When the chicken has 10 minutes to go, bring water to a boil in a large saucepan.  Add 1 T oil. Reduce the heat to low. Carefully add the chicken to the barely simmering water; gently stir so it doesn’t clump together. Cook just until opaque but not cooked through, about 1 minute. Carefully drain the chicken in a colander and shake to remove excess water.

Heat a 14-inch flat-bottomed wok over high heat until a bead of water vaporizes within 1 to 2 seconds of contact. Swirl in the remaining 1 T oil. Add 1/3 C scallions, ginger and crushed red pepper; using a metal spatula, stir-fry until fragrant, about 10 seconds.
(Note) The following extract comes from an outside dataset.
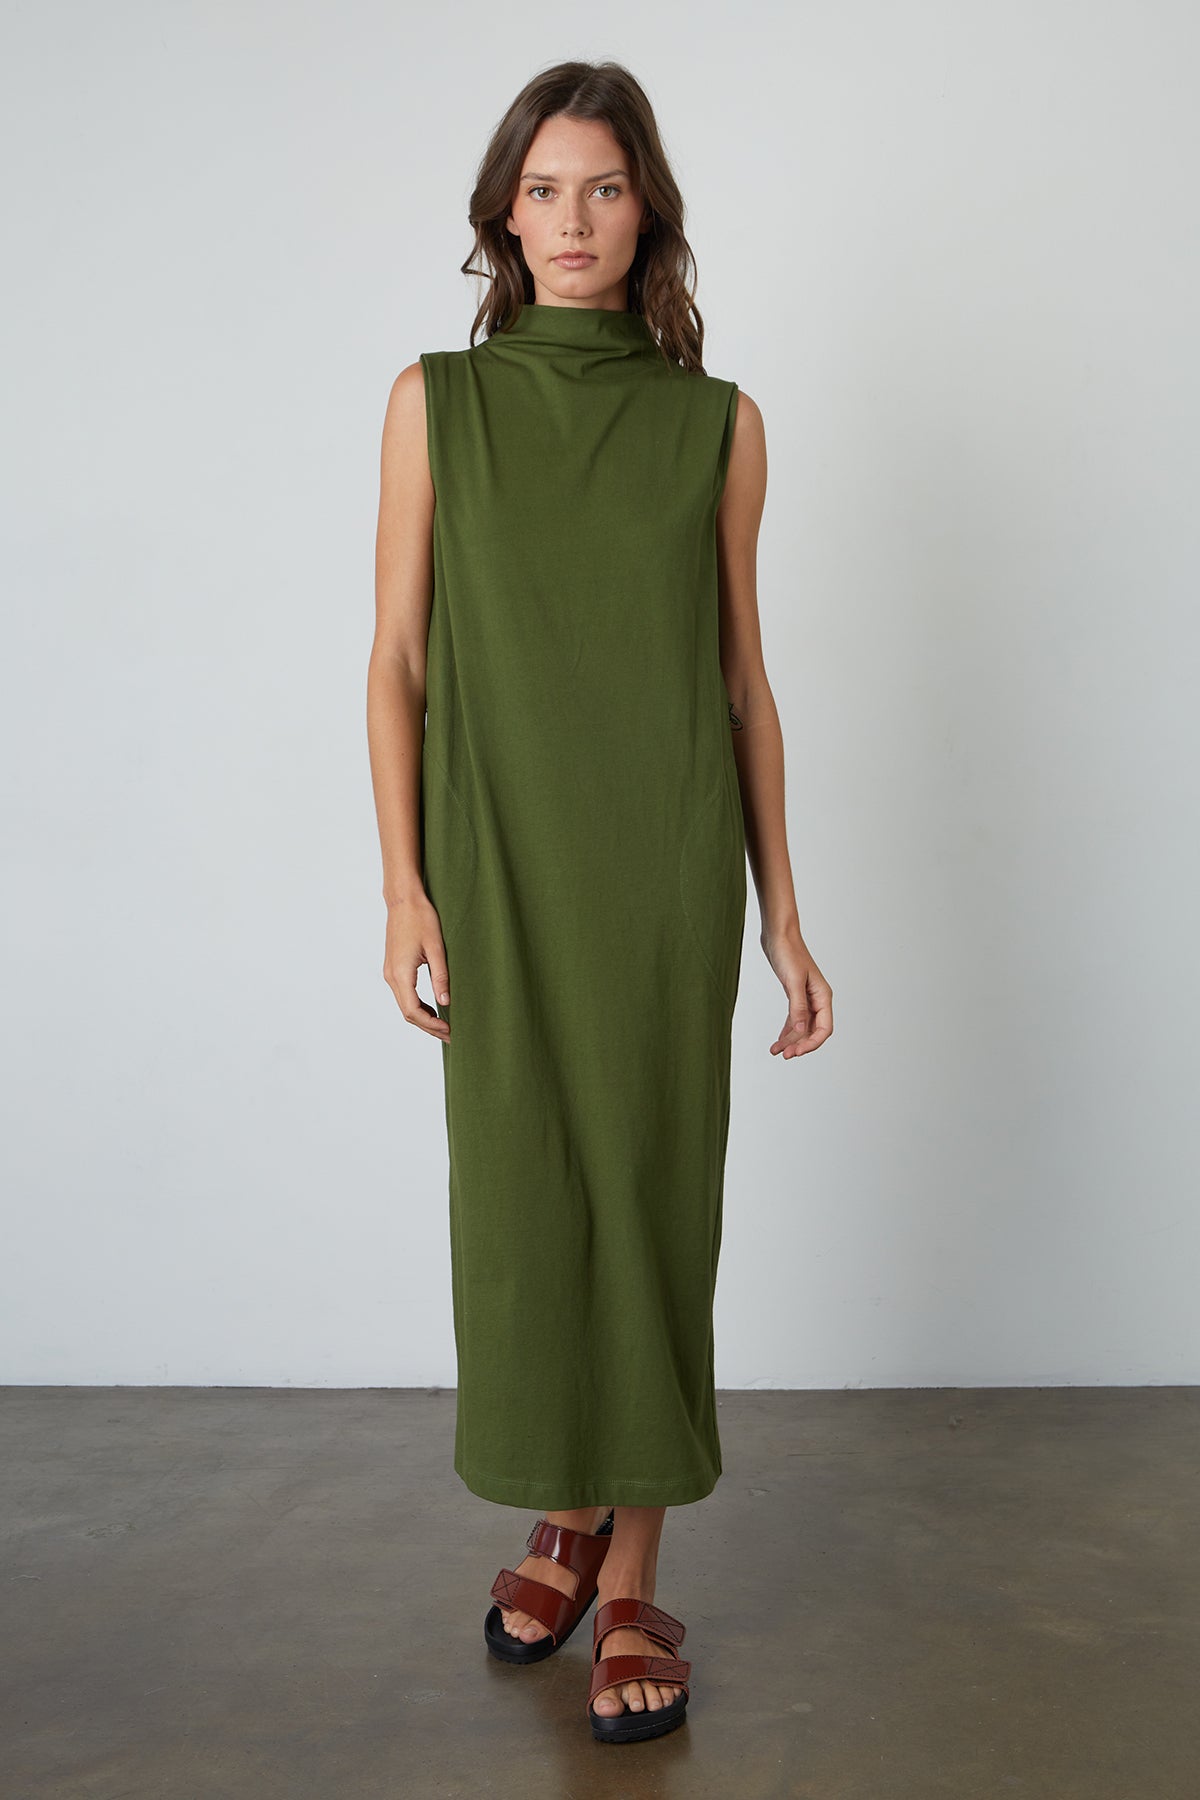   Hydie Mock Neck Dress Structured Cotton in Evergreen front view 2

Add bok choy and the remaining ¼ tsp salt.  Stir-fry until the bok choy is almost crisp-tender, 1 to 2 minutes. Add the chicken.  Stir the broth mixture again, swirl it into the wok and stir-fry until the chicken is just cooked through and lightly coated with sauce, 30 seconds to 1 minute. Serve sprinkled with the remaining 1/3 C scallions.

Mashed Turnips with Caramelized Onions, recipe from The Wholesome Chef

2-3 turnips, green tops removed, reserved for another dish
¼ C olive oil
1 small yellow onion
½ C unsweetened coconut milk
3 T butter or earth balance
½ tsp sea salt
¼ tsp black pepper
½ tsp garlic powder
Peel and dice turnips into uniform cubes, add to a large pot and cover with cold water. Bring to a boil and simmer 25 minutes until fork tender. In the meantime heat oil in a large skillet over medium heat. Slice onion into thin rings and add to oil, cook until brown and caramelized stirring occasionally, about 25 minutes. Heat milk with butter over low heat until butter is melted. Add milk/butter mixture to a food processor with tender turnips, puree until smooth. Add salt, pepper, and garlic to taste. Top with onions and olive oil to serve.

Sweet Potato Hummus, a Sarah Britton recipe
2 cups chickpeas, cooked
zest of 1 organic lemon, juice of ½ lemon
3 small sweet potatoes
1 tsp ground cumin
pinch of cayenne pepper (optional)
2-3 pinches sea salt
3 T olive oil
2 cloves garlic

:  Don't get too hung up on the quantities of ingredients with this recipe - it's hard to make a mistake! Use more or less sweet potato than called for, more or less chickpeas if that suits you (or even leave them out!), omit the cayenne or throw in more if you like it spicy. Just work with what you have and what tastes good to you.

Place sweet potatoes (with the skin on) in a baking dish in a 400 F oven and bake until very soft, about 45 minutes to 1 hour, depending on their size.
  Let the sweet potatoes cool down so that you can easily remove their skins - they should just peel off. Place them in a food processor with the remaining ingredients and blend on high to mix.

Serve with a drizzle of olive oil, sprinkle of cracked black pepper, and whatever herb you have on hand. This is wonderful with raw veggies, healthy crackers, or pita bread.   This dip doubles as an amazing sandwich spread, particularly on crusty sourdough with avocado, sprouts, and fresh herbs. Finally, you can use as a thickener for soups and stews.